Eine medizinische Anwendung sieht das Forscher-Team in der Diagnose der endothelialen Dysfunktion. Endothelzellen, die die innere Wand unserer Blutgefäße bedecken, regulieren mittels Signal- und Botenstoffen wie Stickstoffmonoxid und Kalziumionen den Blutdruck. Gerät das Gleichgewicht dieser Substanzen langfristig durcheinander, kommt es zu einer Fehlfunktion der Zellen, die vermutlich für den Beginn der chronischen Erkrankung Arteriosklerose verantwortlich ist. Das Mini-Labor soll Abweichungen in der Konzentration der Substanzen in den Zellen nachweisen und so eine frühzeitige Diagnose der endothelialen Dysfunktion ermöglichen.
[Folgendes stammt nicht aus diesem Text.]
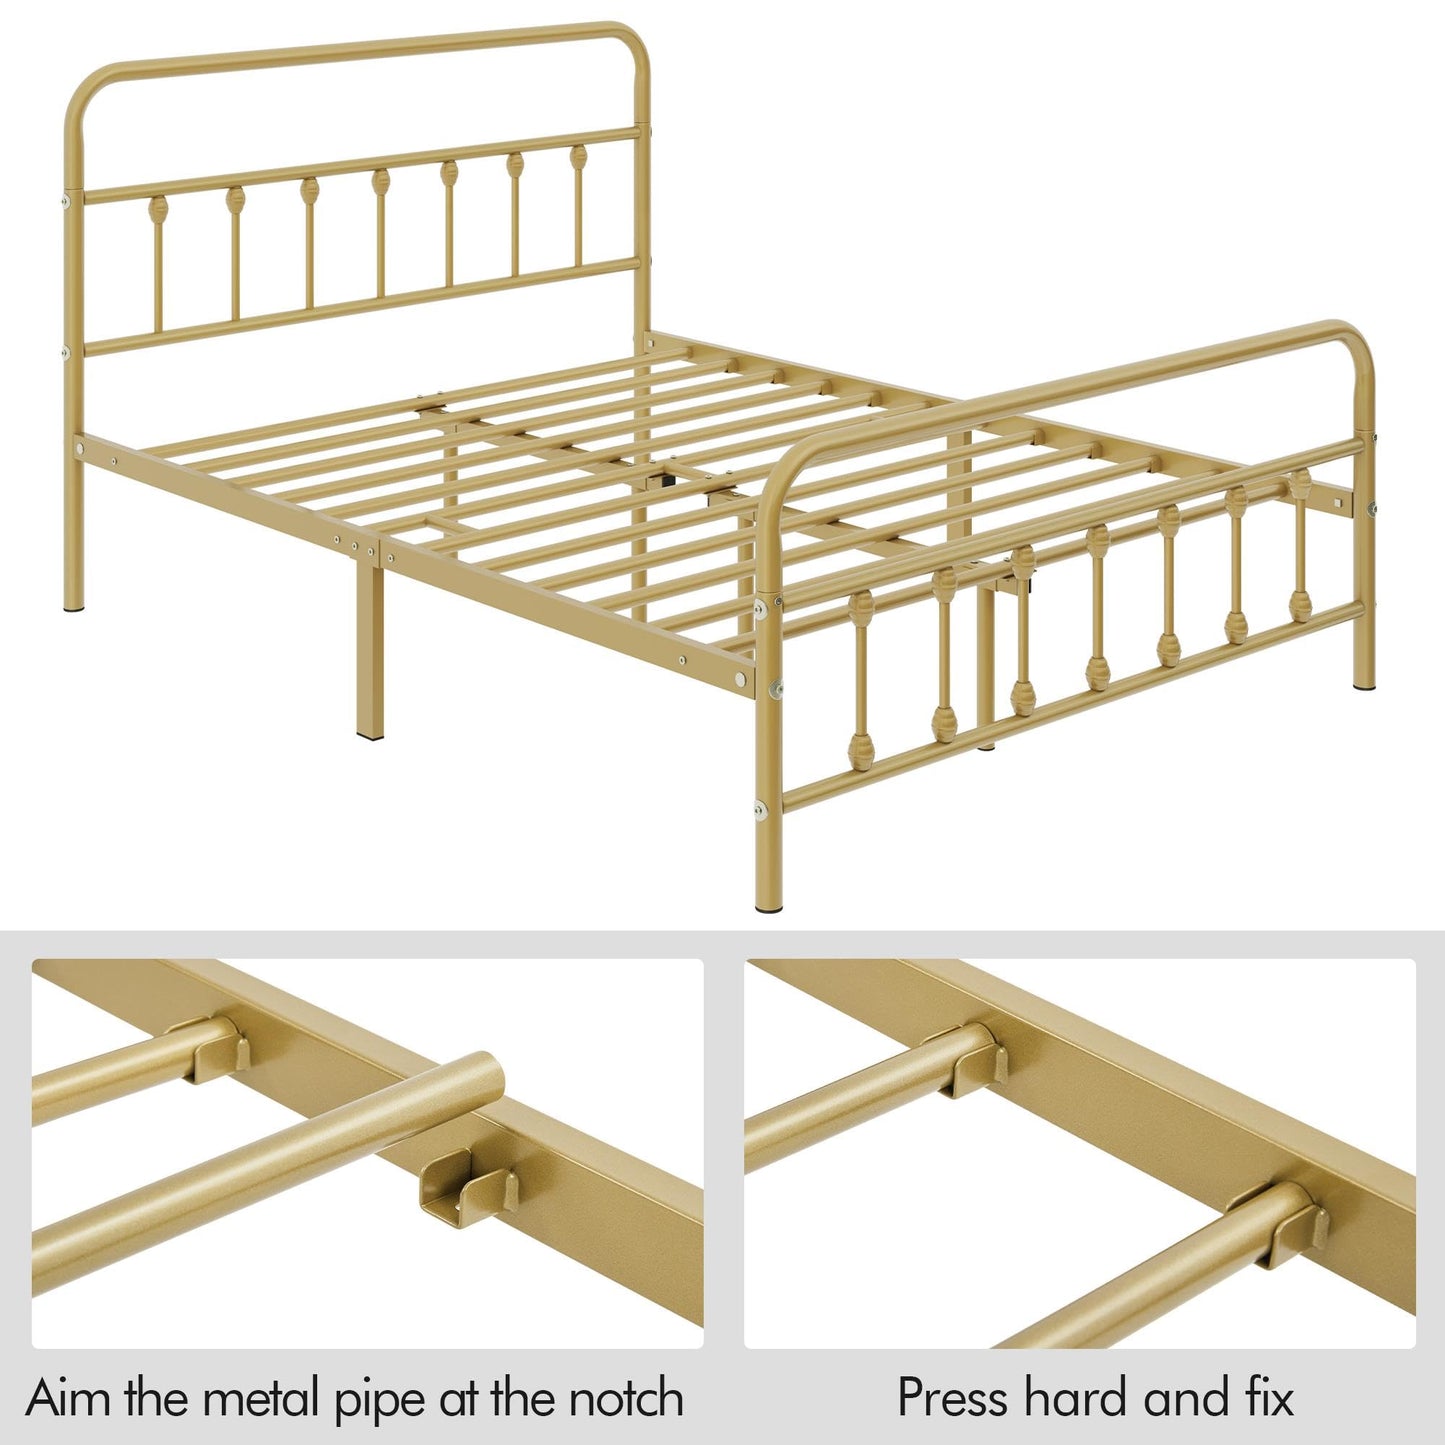 Yaheetech Classic Metal Platform Bed Frame Mattress Foundation with Victorian Style Iron-Art Headboard/Footboard/Under Bed Storage/No Box Spring

Damit könnten geeignete Therapieverfahren eingeleitet werden, die die Ablagerung von lebensbedrohlichen Plaques in den Blutgefäßen verhindern und letztendlich das Risiko eines Herzinfarkts oder Schlaganfalls minimieren.
Um die notwendigen Grundlagen für das komplexe Vorhaben zu erforschen, arbeiten im Projekt „Logic Lab“ Expertinnen und Experten aus den Bereichen Spektroskopie, Chemie, Mikrofluidik und experimenteller medizinischer Therapie eng zusammen. „Damit unsere Forschungsergebnisse zukünftig in der medizinischen Forschung angewandt werden können, beziehen wir Nutzer und Technologiefirmen von Anfang mit ein“, erläutert Benjamin Dietzek.